Practical Wisdom

I was interested in particular by what Aristotle says about practical wisdom.  This intellectual virtue, concerned with finding the truth, is specifically related to action: “where living well as a whole is concerned, the person capable of deliberation will also be practically wise” (1140a).  Practical wisdom is talent in making decisions related to the whole of life (as opposed to skill, which relates to producing some specific thing).  Practical wisdom is also distinguished from scientific knowledge because it has the option of doing things differently, where scientific knowledge sees what is absolutely the way it is.

“It remains therefore that it is a true and practical state involving reason, concerned with what is good and bad for a human being” (1140b).  Practical wisdom, then, is concerned with actions–where the practical part comes in–and also with truth.  How exactly is it more true to do one thing than to do another?  I think it’s about doing what is good: no one deliberately does what is bad for himself, so then he would be deceived if he did something bad for himself and thus needs truth.  The reason, capacity for deliberation, with which we consider our actions engages with practical wisdom in order to help us determine what is best.

Practical wisdom is also the same thing as political science, since both things are concerned with what is best for humans–just practical wisdom relates to the individual more, where political science is connected to the community.

Since practical wisdom “is concerned also with particular facts, and particulars come to be known from experience” (1142a), this type of virtue can only be attained over time and through experiencing different life situations, which is why a young person cannot have it.  It would also seem to imply that it cannot be taught, or at least a component of it must be acquired through life instead of through teaching, again blurring the lines between how moral and intellectual virtue is attained.

Christian versus Aristotelian Virtue

I talked about this in my last post, but this time it’s more rooted in the text. Aristotle’s definition of virtue is really interesting because it’s so connected to what people see and think, and he’s so up front about that. It keeps surprising me, because in my upbringing, virtue is synonymous with being ‘righteous’, or godly: and Scripturally, that seems to have a lot to do with not being public in your goodness, keeping your attempts at virtue private (the command not to let your right hand know what your left hand is doing when you give, for example).
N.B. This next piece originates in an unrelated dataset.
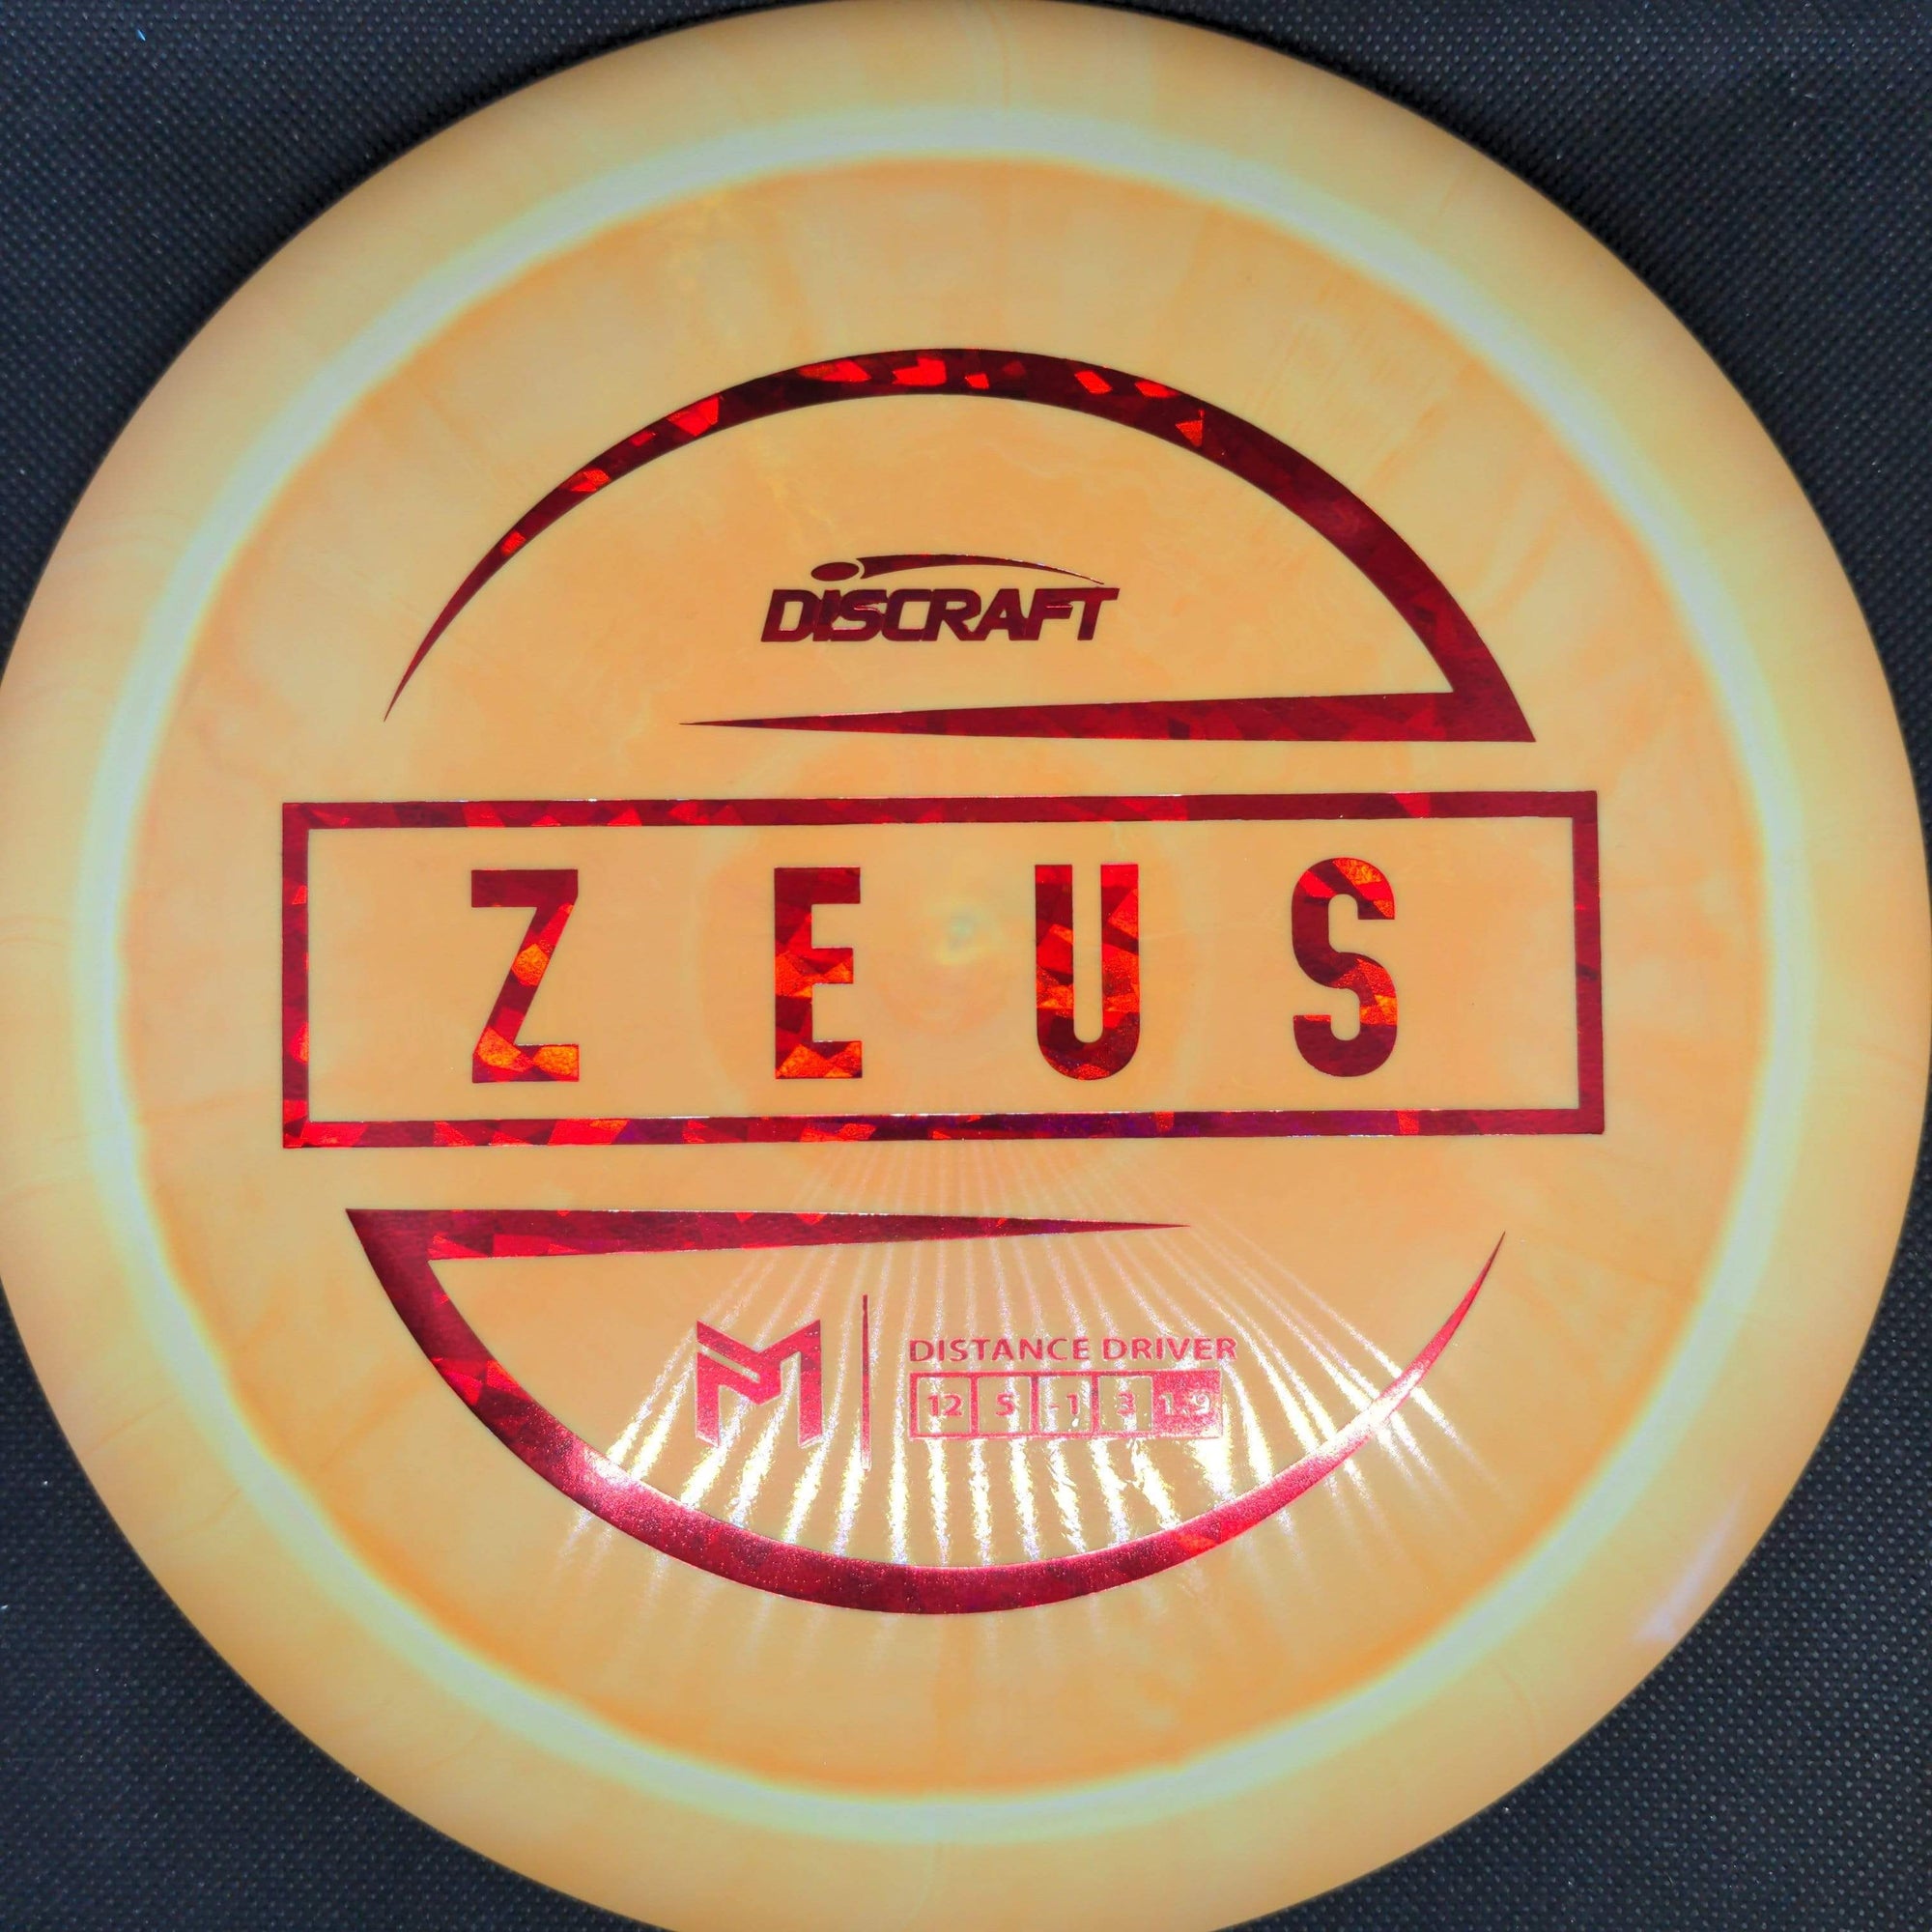 Discraft Distance Driver ESP Zeus

But Aristotle says virtue is significantly connected to what the community thinks of you, which I guess is more helpful and applicable than Plato’s type of virtue which is doing what you find right and connected to the Forms, not what people perceive as good at all. When talking about citizen courage, Aristotle says “it arises from virtue: it arises from shame and a desire for what is noble” (1116a), totally identifying virtue with a proper sensibility for what the culture lauds. He confirms this more when he talks about shame, saying this is “a kind of fear of disrepute” (1128b), that is, a fear of not being thought well of by one’s elders and betters.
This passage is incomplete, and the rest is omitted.